#### YOUR INSTRUCTIONS
Output every line of the material exactly, omitting images.

*** INFORMATION SHOWN Section Begins ***

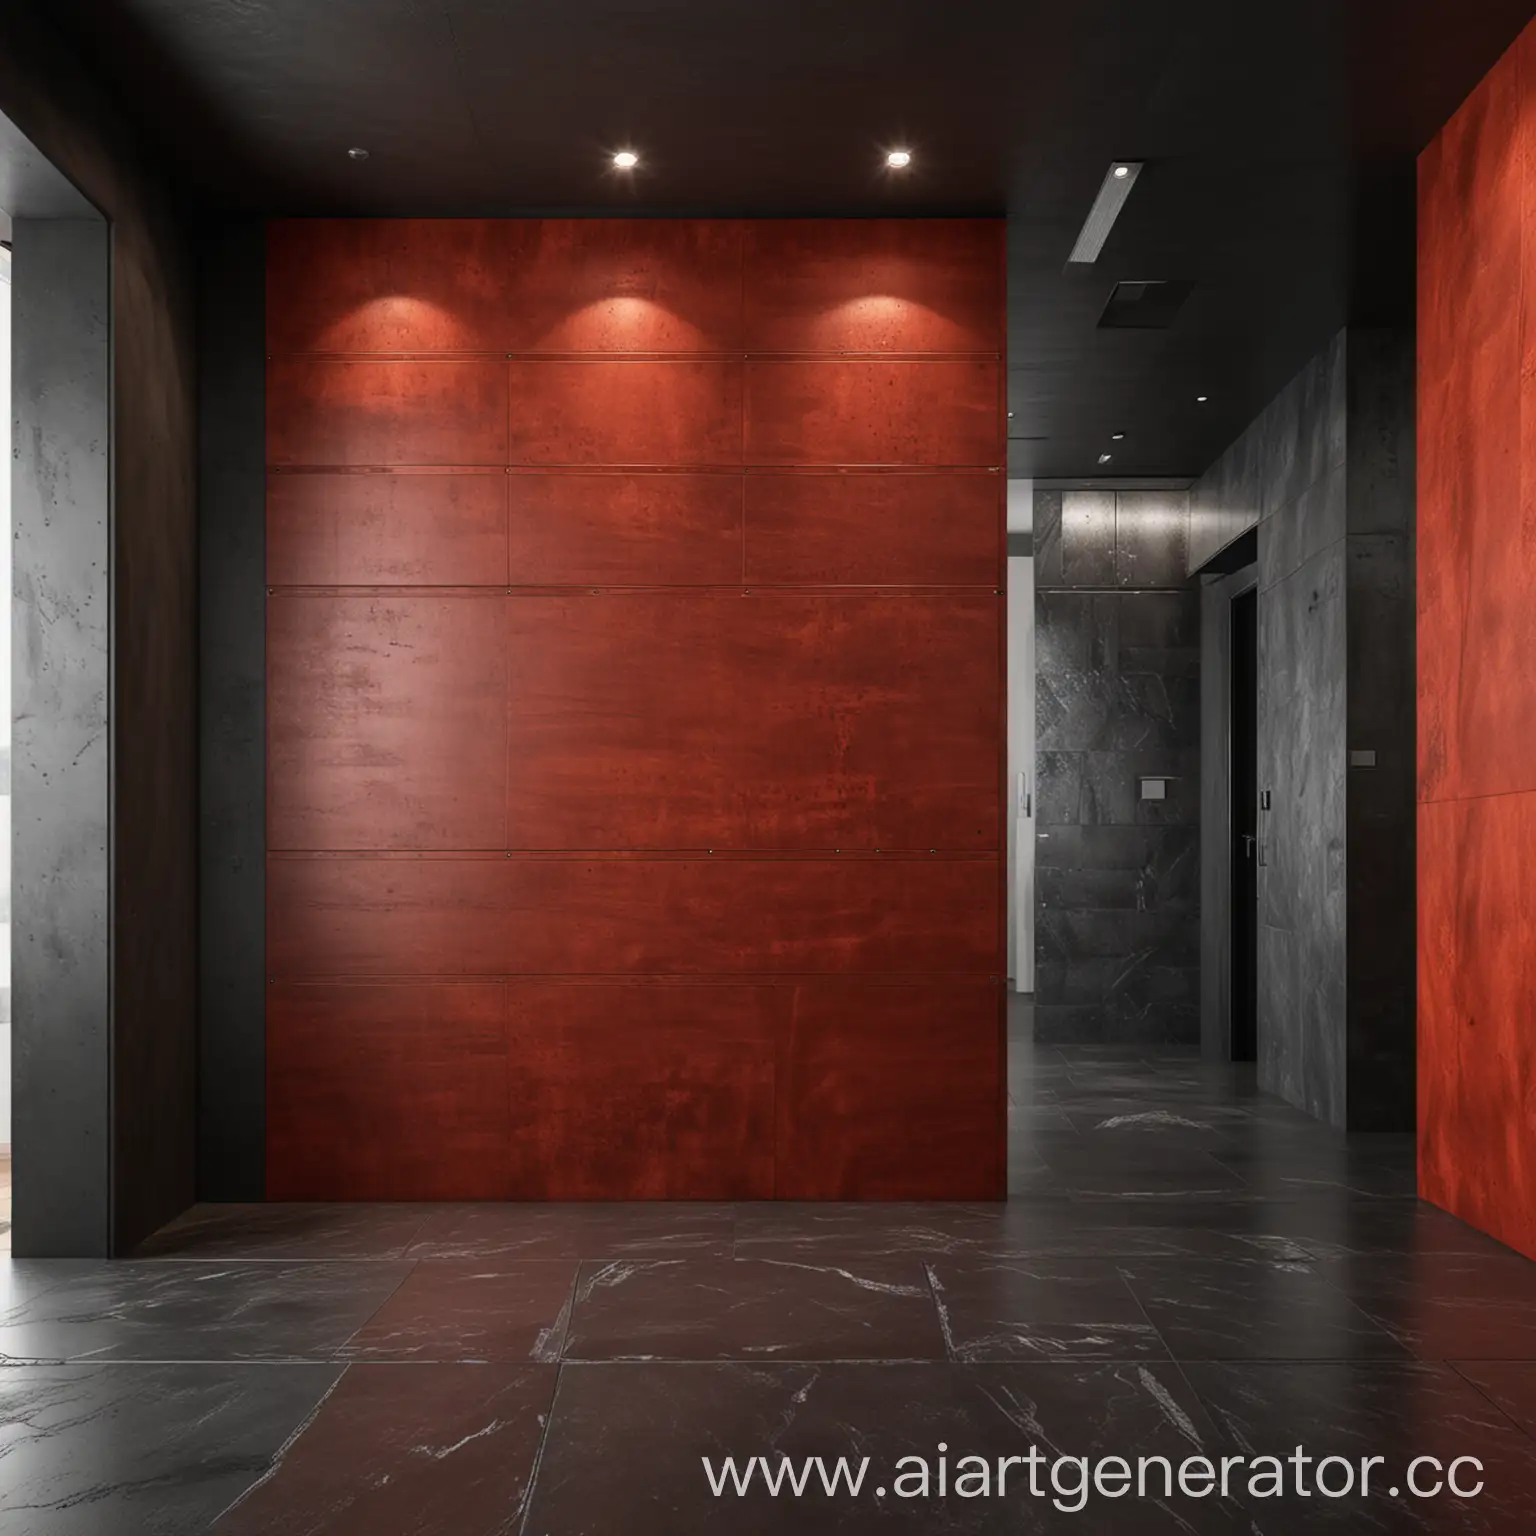 Modern-Interior-Design-with-Red-Wood-Panels-and-Metal-Accents
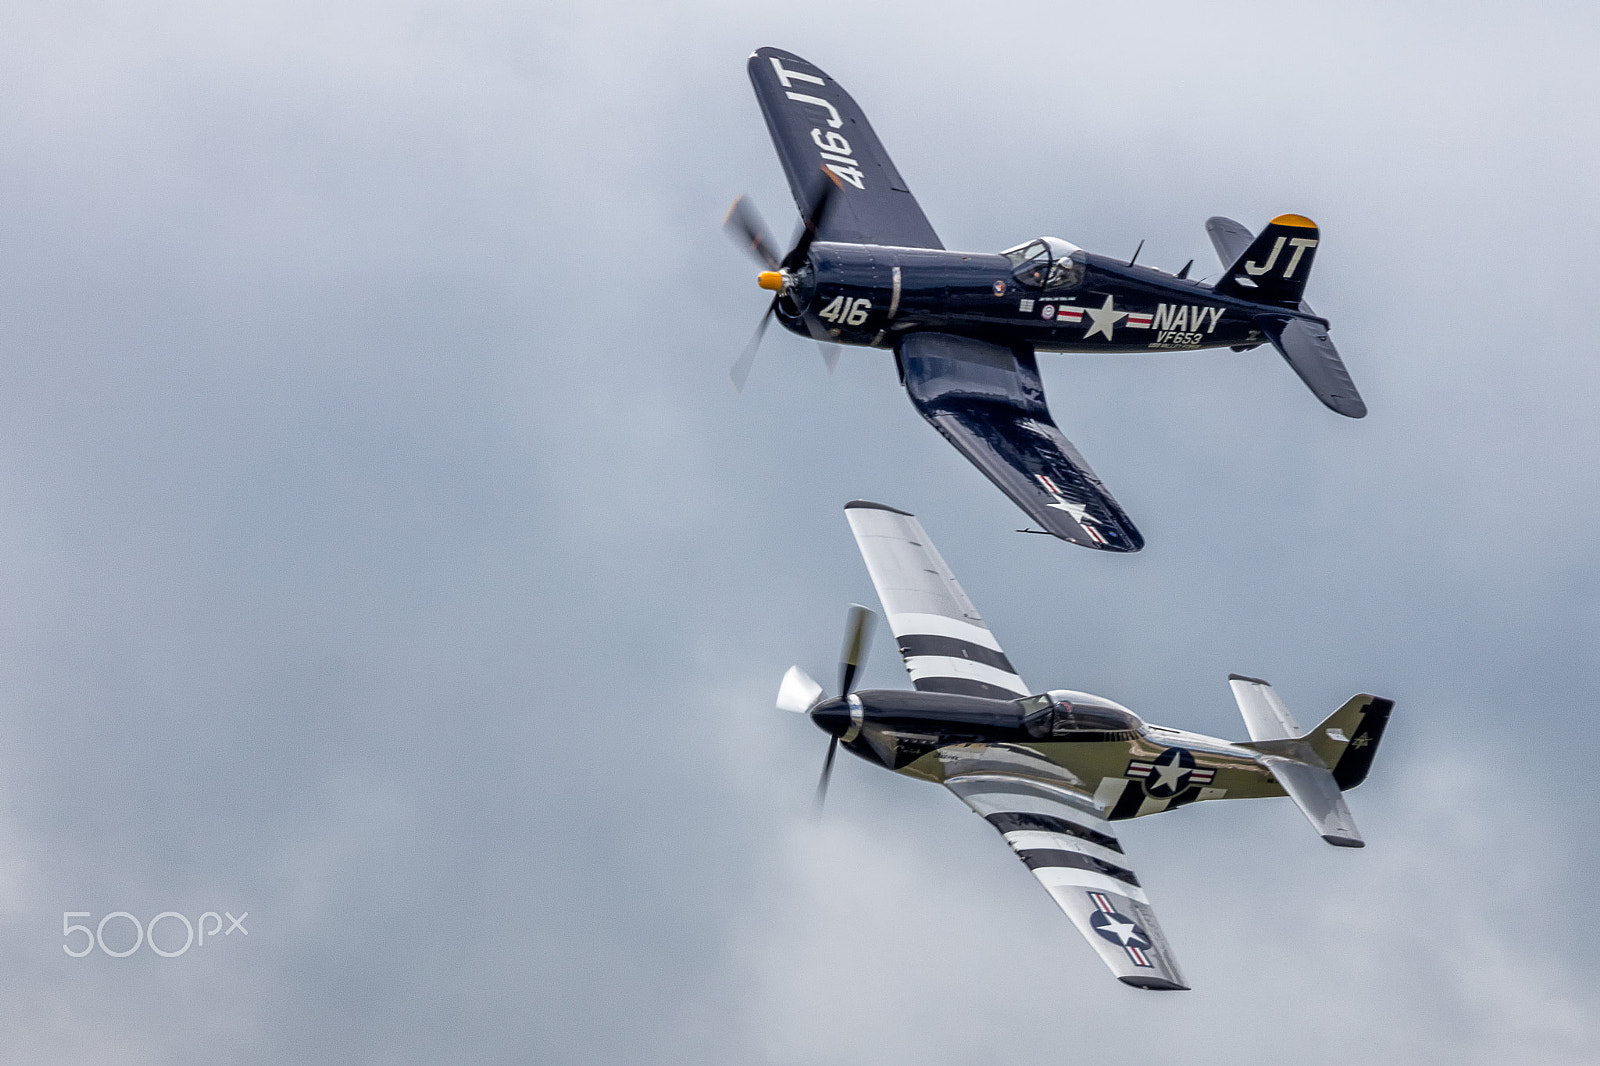 Canon EOS 5DS sample photo. F-4u corsair and p-51 mustang in flight 4 photography
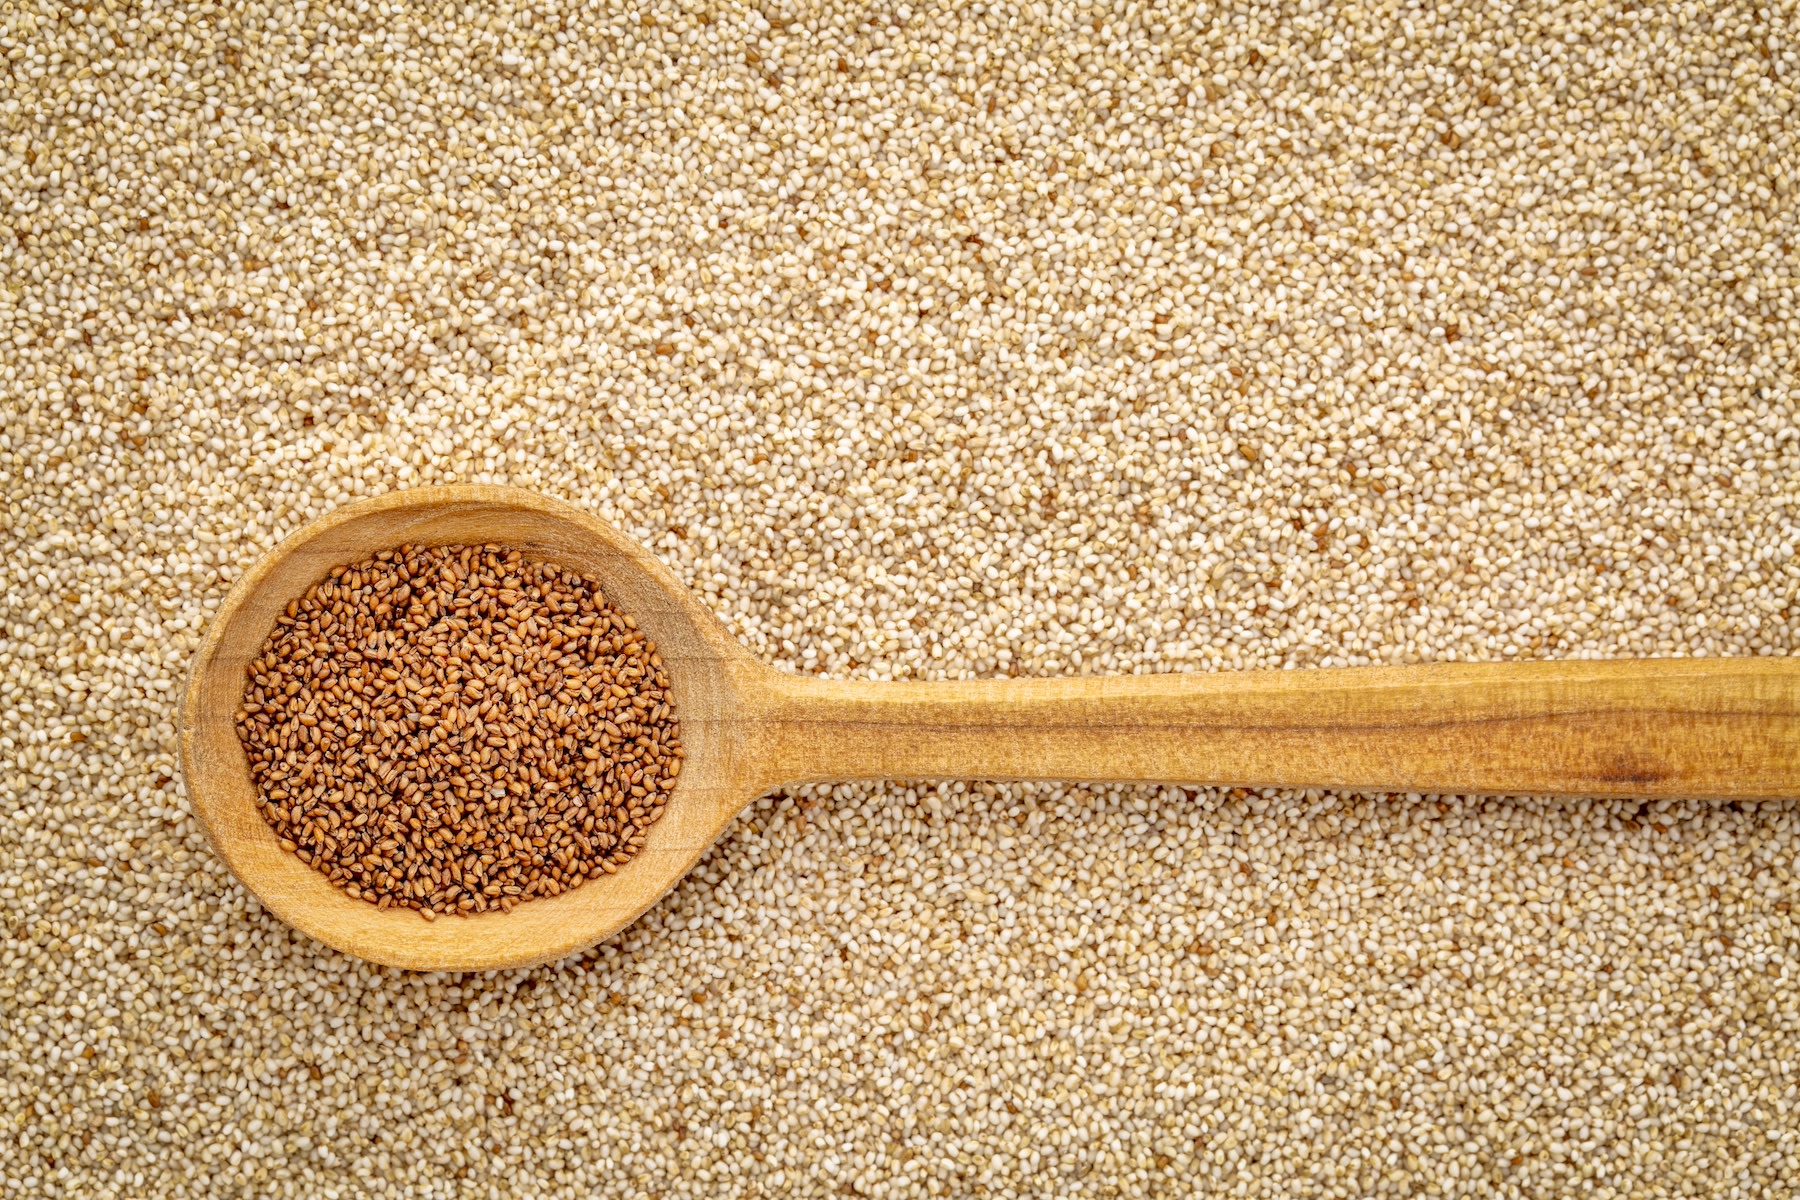 Teff grain in a spoon resting on a pile of more teff.
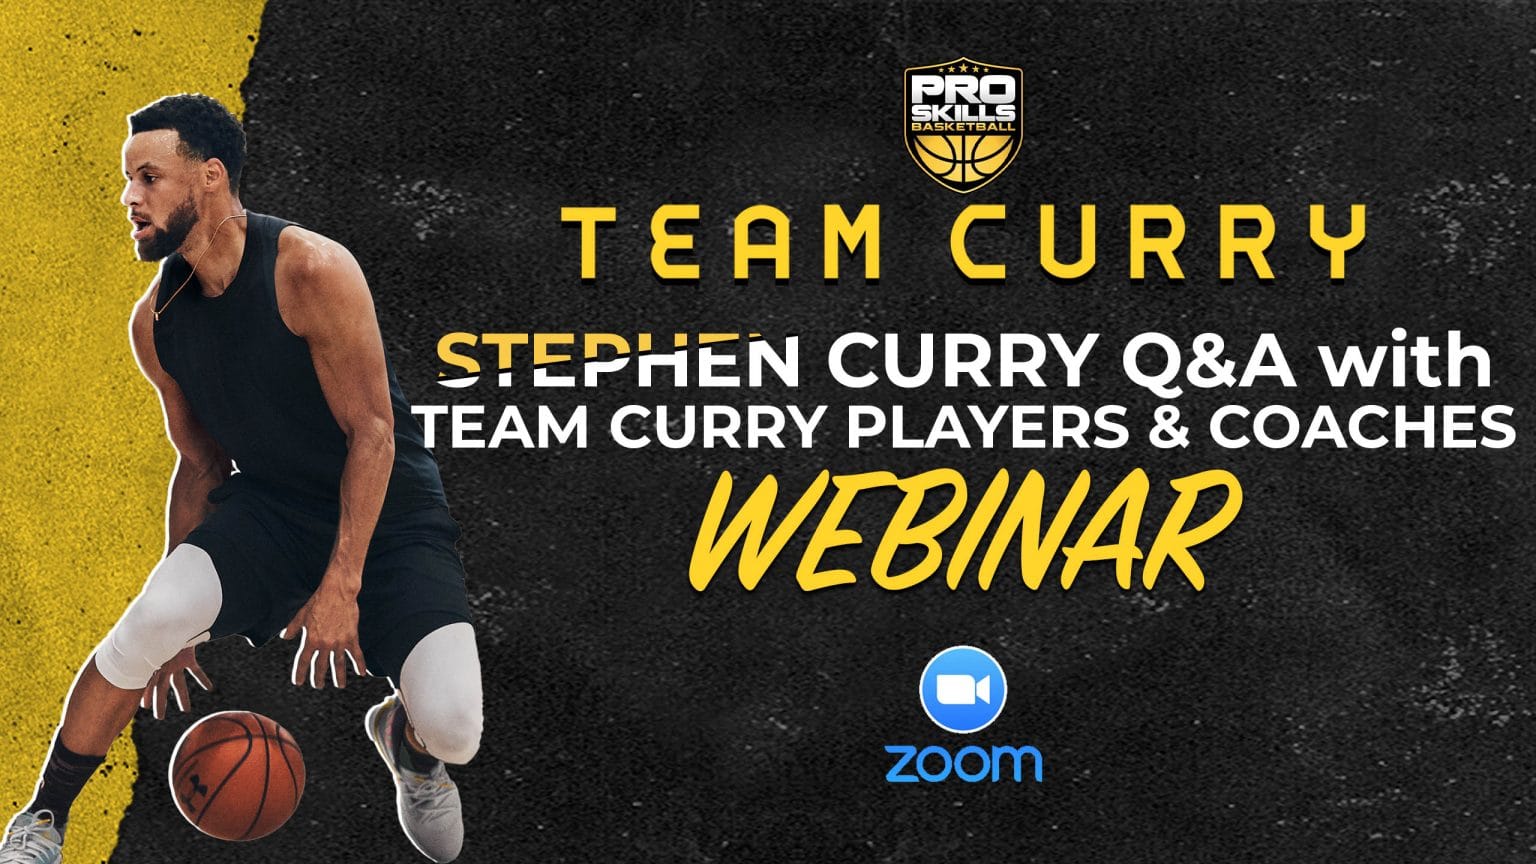 Stephen Curry Q&A with Team Curry AAU Basketball Players & Coaches

*** INFORMATION SHOWN Section Ends ***

#### RESPONSE BELOW
 Modern-Interior-Design-with-Red-Wood-Panels-and-Metal-Accents
 Canon EOS 5DS sample photo. F-4u corsair and p-51 mustang in flight 4 photography
 Teff grain in a spoon resting on a pile of more teff.
 Stephen Curry Q&A with Team Curry AAU Basketball Players & Coaches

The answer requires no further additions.